# Ride difference in FreightLiner Chassis and Ford Chassis



## BonettaSmith (Nov 30, 2012)

Thinking about purchasing Class A and would like to know opinions on the ride of the different chassis.  Possibly a 30' with a couple slides.  Haven't really settled on any floor plan but that should not make much difference in the ride.  We have a 32' pull but the work involved in set up is not what we want.  Our thoughts are that with auto levelers etc.  and not having the extended length with the extra long truck to pull it would be nice.  Appreciate any thoughts suggestions or ideas you may have.  Negative and positive will be appreciated


----------



## LEN (Nov 30, 2012)

If you are set on the 30' I would stay with a gas rig. They are setup better for that length than a diesel.

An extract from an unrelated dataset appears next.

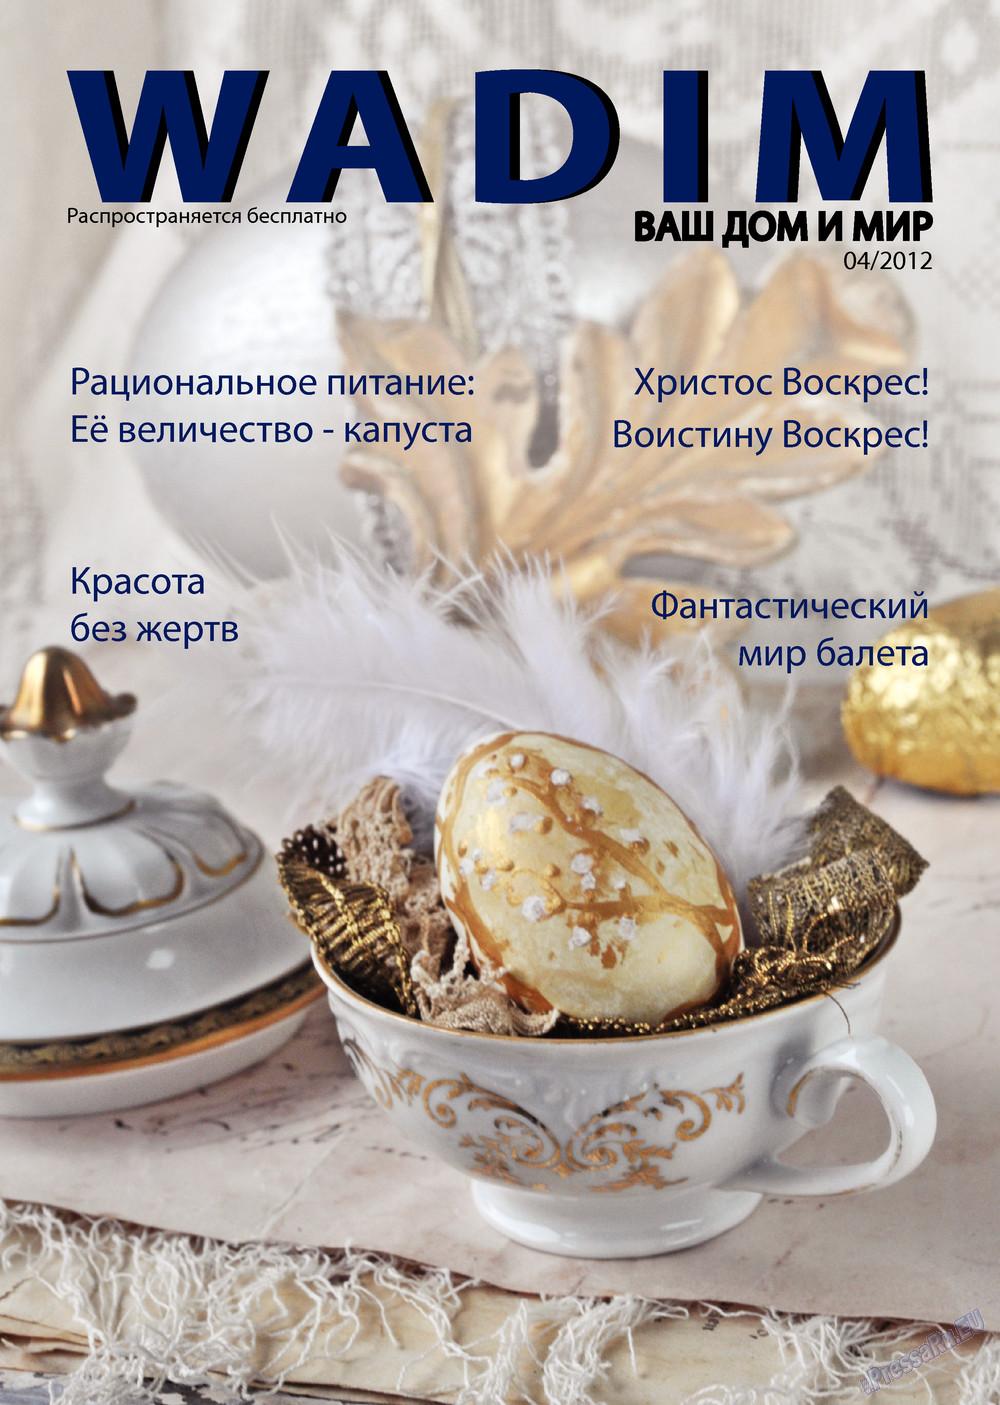 Wadim (журнал). 2012 год, номер 4, стр. 1
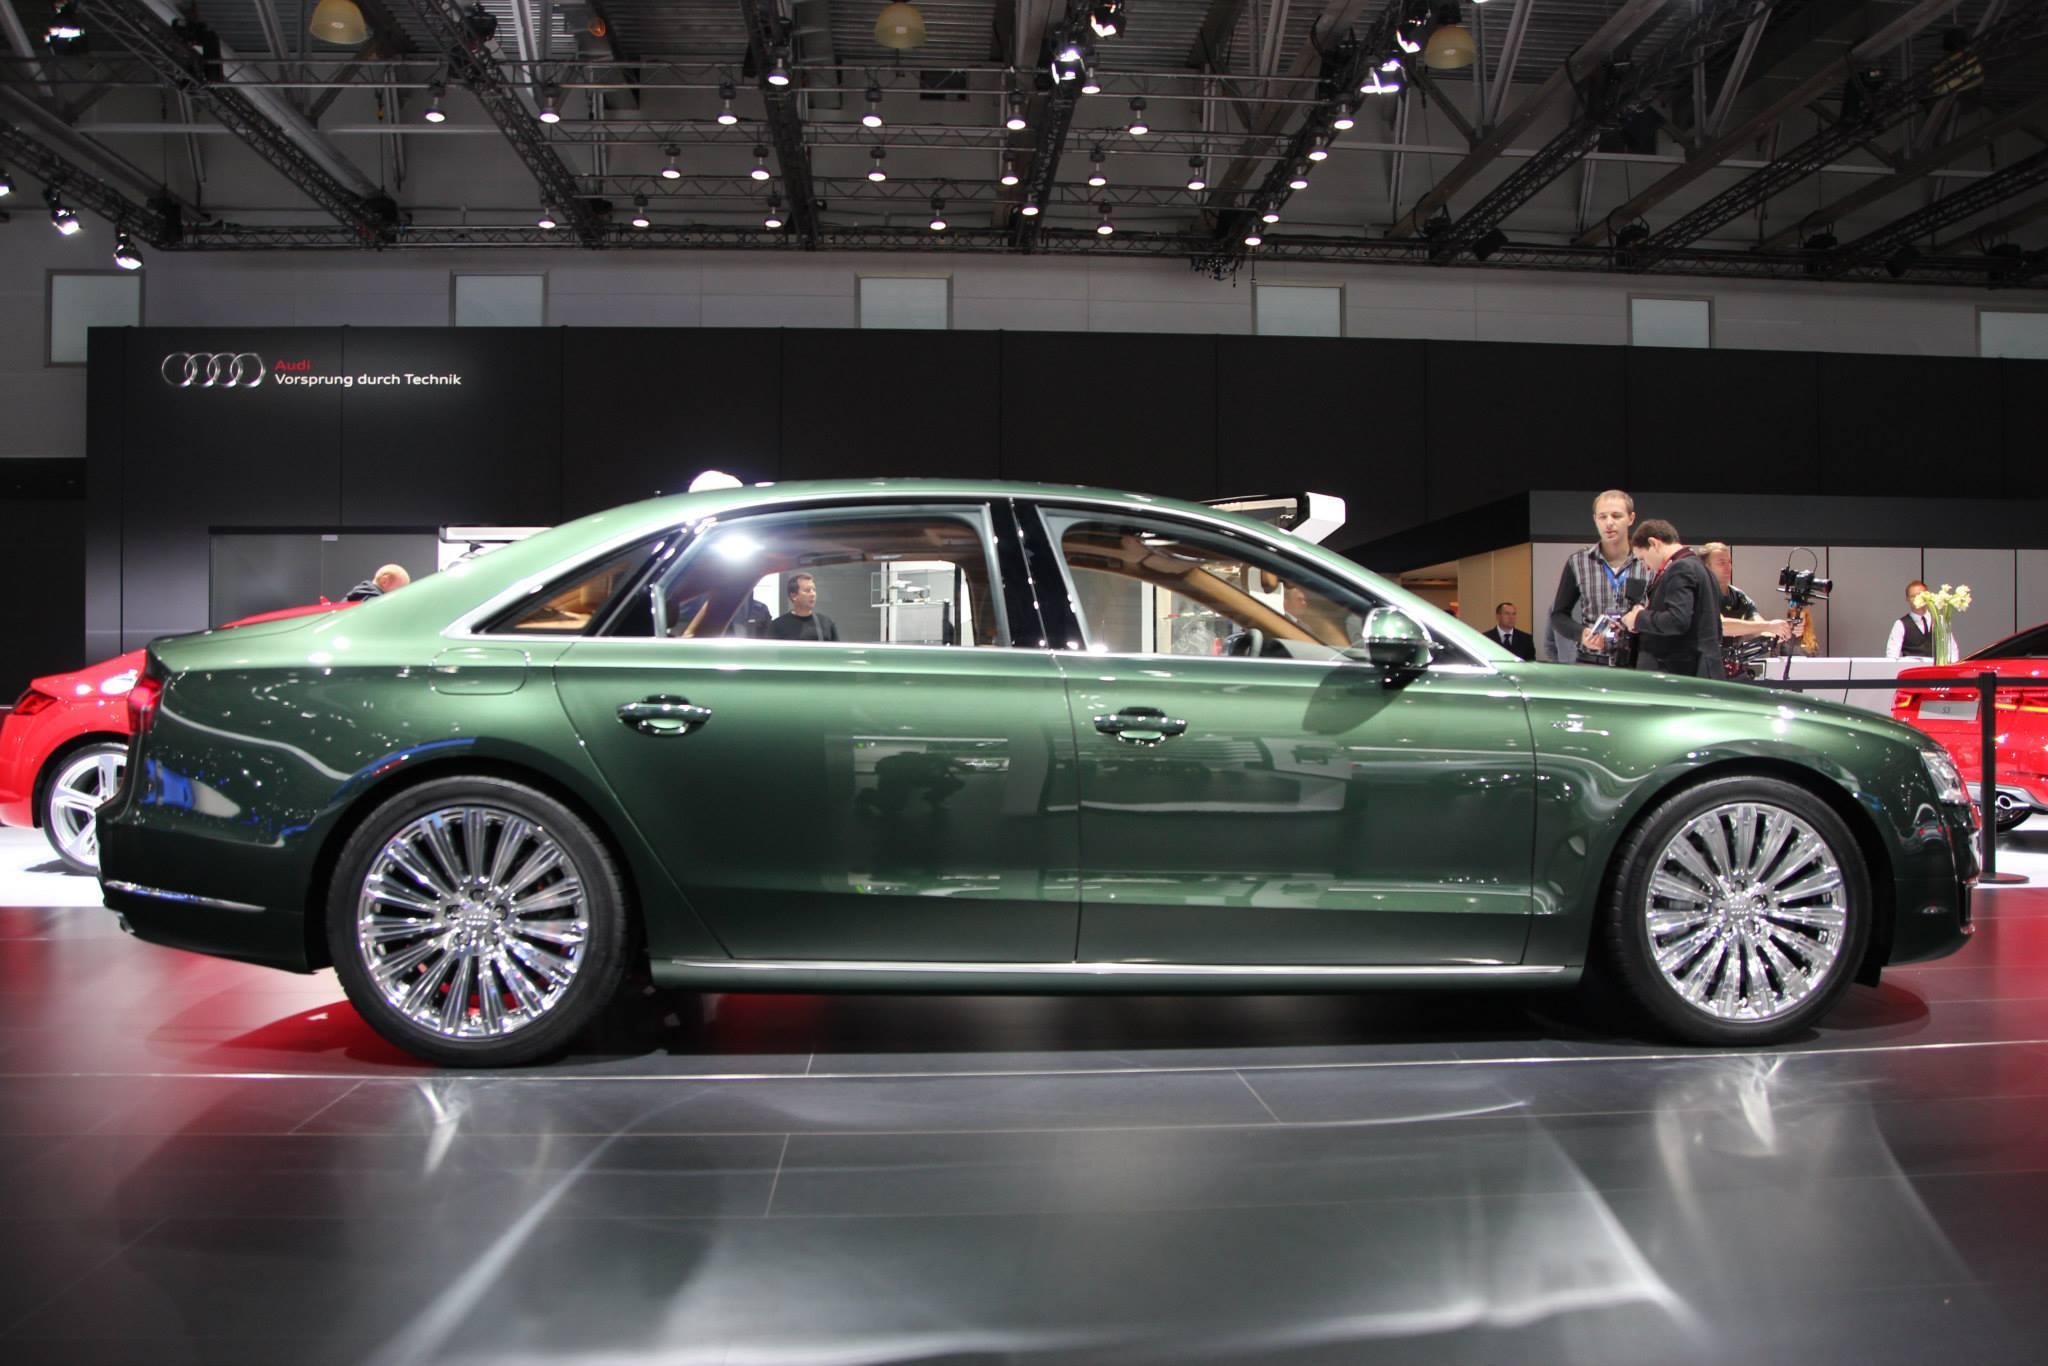 Audi A8l W12 In Verdant Green Pearl Has Jaguar Looks

Now if you go to 36 or better no question the diesel would be better ride and handling. As far as length goes I don't see a lot of difference in handling between a 32 and a 38 is not much to get used to. As to parking in a CG, state CG's have a 30 limit once in a while, while private can most of the time accommodate about any length. That said I have been in a lot of State CG's that can take the 45' and still say 30' they lie or don't update.

LEN


----------



## H2H1 (Nov 30, 2012)

Bonenatta I haVE A 03 36' SOUTHWIND,with 3 slides hydraulic levers. It is easy to set up and break down. If interrested PM and we will chat.


----------



## vanole (Nov 30, 2012)

Both Len and Hollis are spot on concerning the info they posted.

Like Len mentioned in the length you are looking at gas M/H would be the way to go.  Concerning the ride wheel base plays an important role in your ride also.  The longer the better.  I've shoe horned my 43' into a couple of state campgrounds with no issues.  

You are correct concerning floorplan not affecting the ride but it will make or break your long term happiness with your unit.  Research the floorplan until you are blue in the face and then see what chassis and engines are available and test drive the engine and chassis variants if they exist.


----------